I brought a bale of this years hay maybe 3 weeks ago. Its gone down a treat and still is going down great. They have plenty of other older hays too. 

When I pull a handful out it smells dusty and u can see a plume of very fine dust. It doesnt smell moldy and there still tucking into it, but it does feel a little damp it didnt plume dust when I first got it? how on earth do u tell if hays gone moldy?


----------



## Lil Miss (Dec 11, 2010)

mouldy hay stinks and you can see the mould on it


----------



## emzybabe (Jun 30, 2009)

thanks, I think I'll have a good look at it tomorrow in the sunlight. It doesnt smell sweet like it used to but doesnt stink either


----------



## Guest (Aug 22, 2011)

As Lil Miss said you ill know when it is mouldy, there is no mistaking it.
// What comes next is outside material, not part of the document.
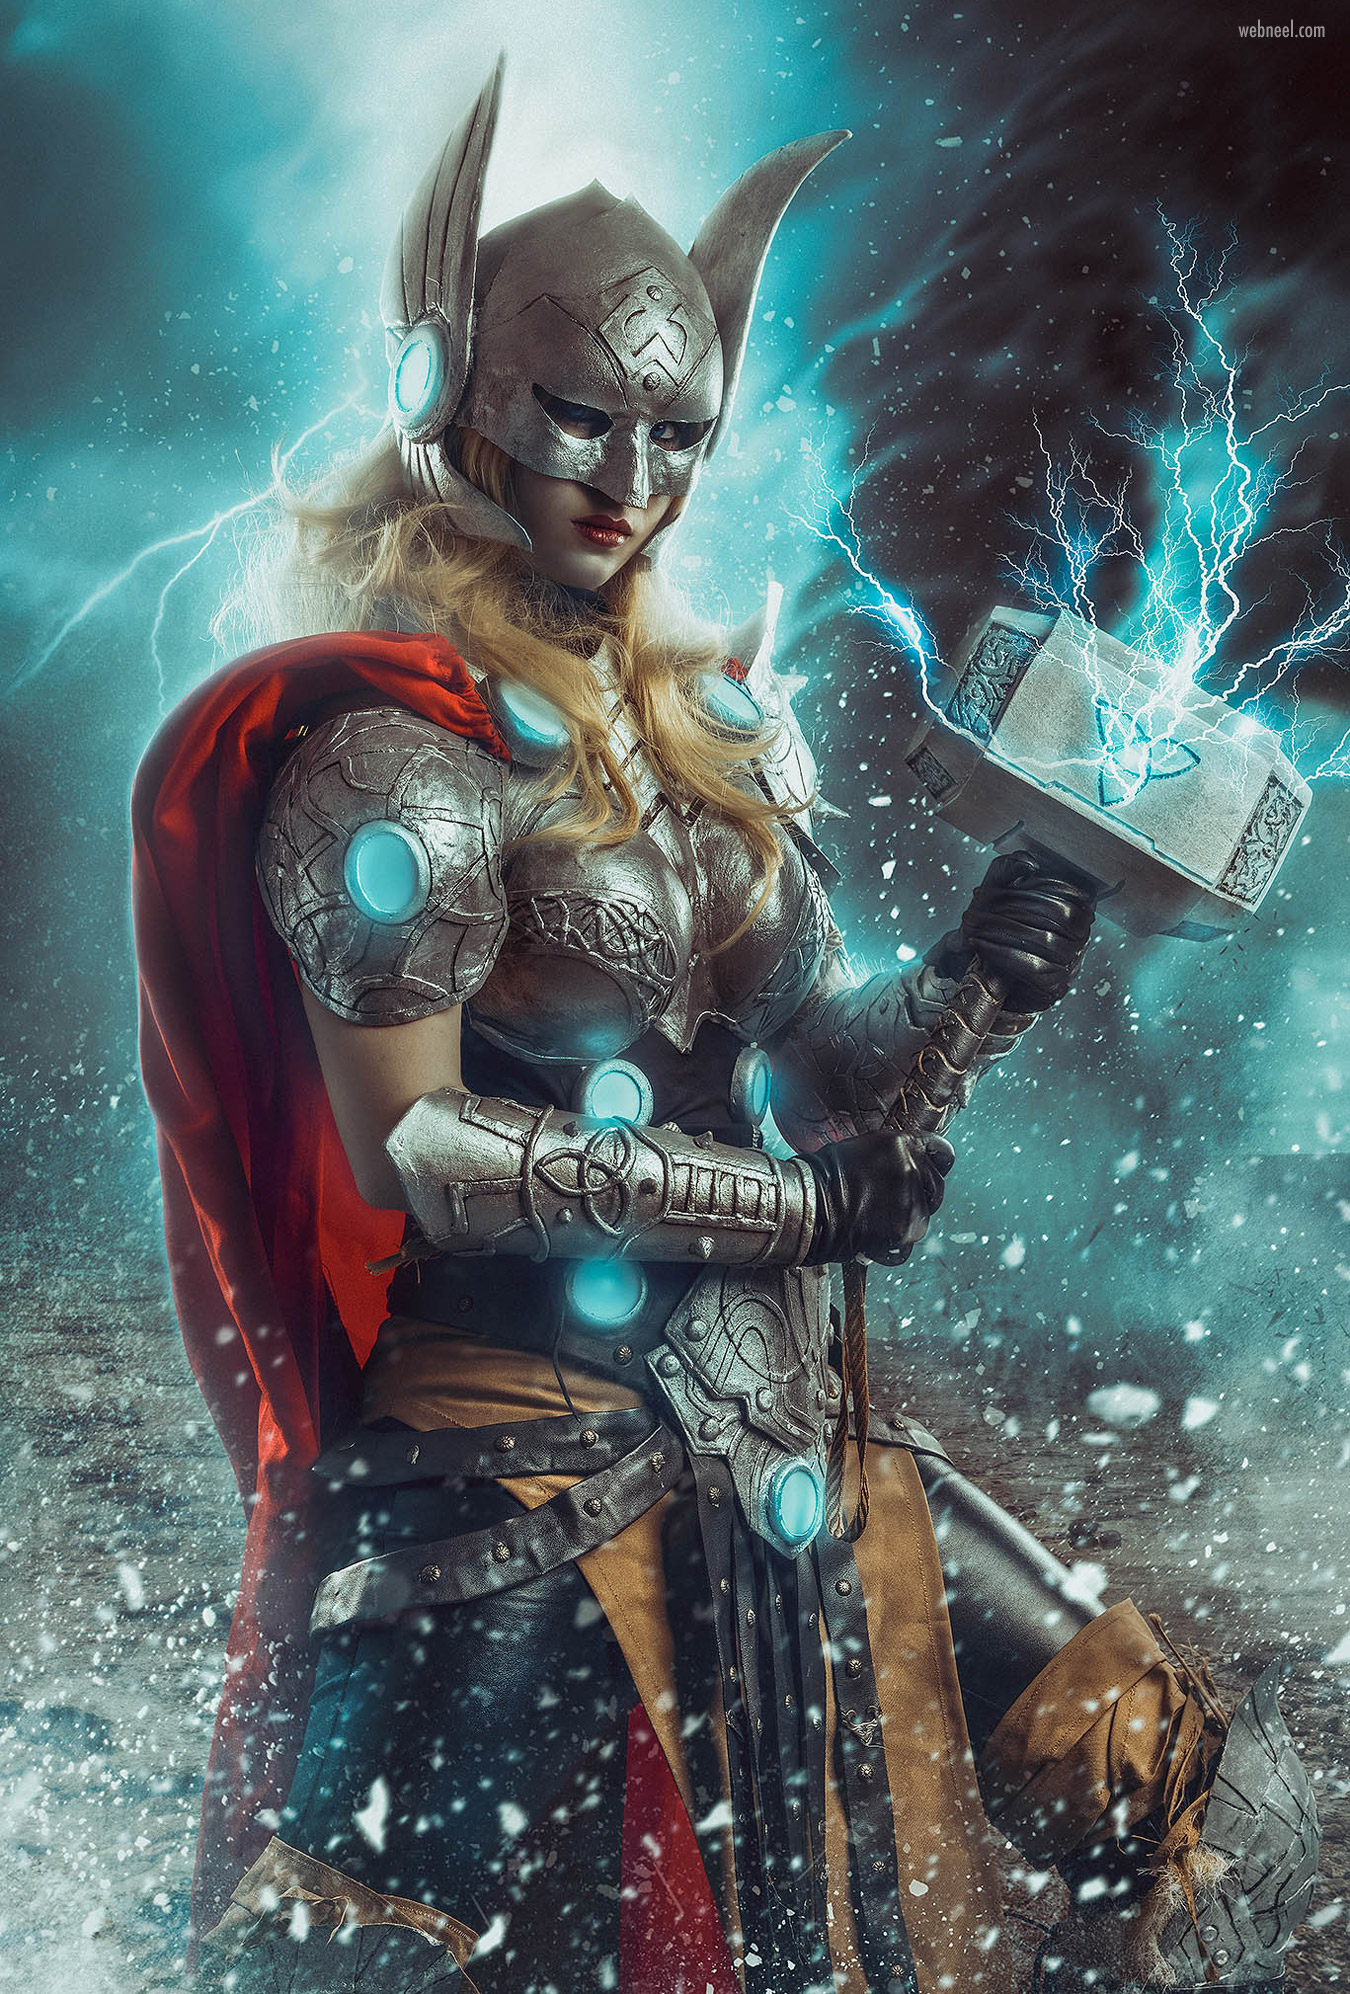 photo retouching works coplay photography thor by rebecca saray

What you saw was a plume of spores which would make me steam the hay (put hay in a bucket and place one boiling kettle full over it and place a lid on the bucket for 2 mins), this enough to expand the spores 

Is your hay stored in a dry area?
If you keep it in a bag you might find it starts to sweat which speeds up the rotting process


----------



## hazyreality (Jan 11, 2009)

Apparently the hay around here was harvested too early and there is a shortage because alot has gone mouldy but it doesnt sound like yours is mouldy 

I am really really struggling to get hold of bales of hay at the moment, my usual places dont have any  Had to actually buy a bag of hay from asda for £4! A bale is only £3 or £6 depending on where I get it from! Hopefully get some tomorrow.

*Heidi*


----------



## emzybabe (Jun 30, 2009)

As ive just moved house Ive been keeping the hay in my kitchen where the washing machine should go In large plastic bags. Yesterday it smelt odd in a not nice way, I have decided to get rid!

There was a lot of good hay in Devon but I dont know of anywhere in Somerset, I'll probably have to get some more from a pet shop at silly prices


----------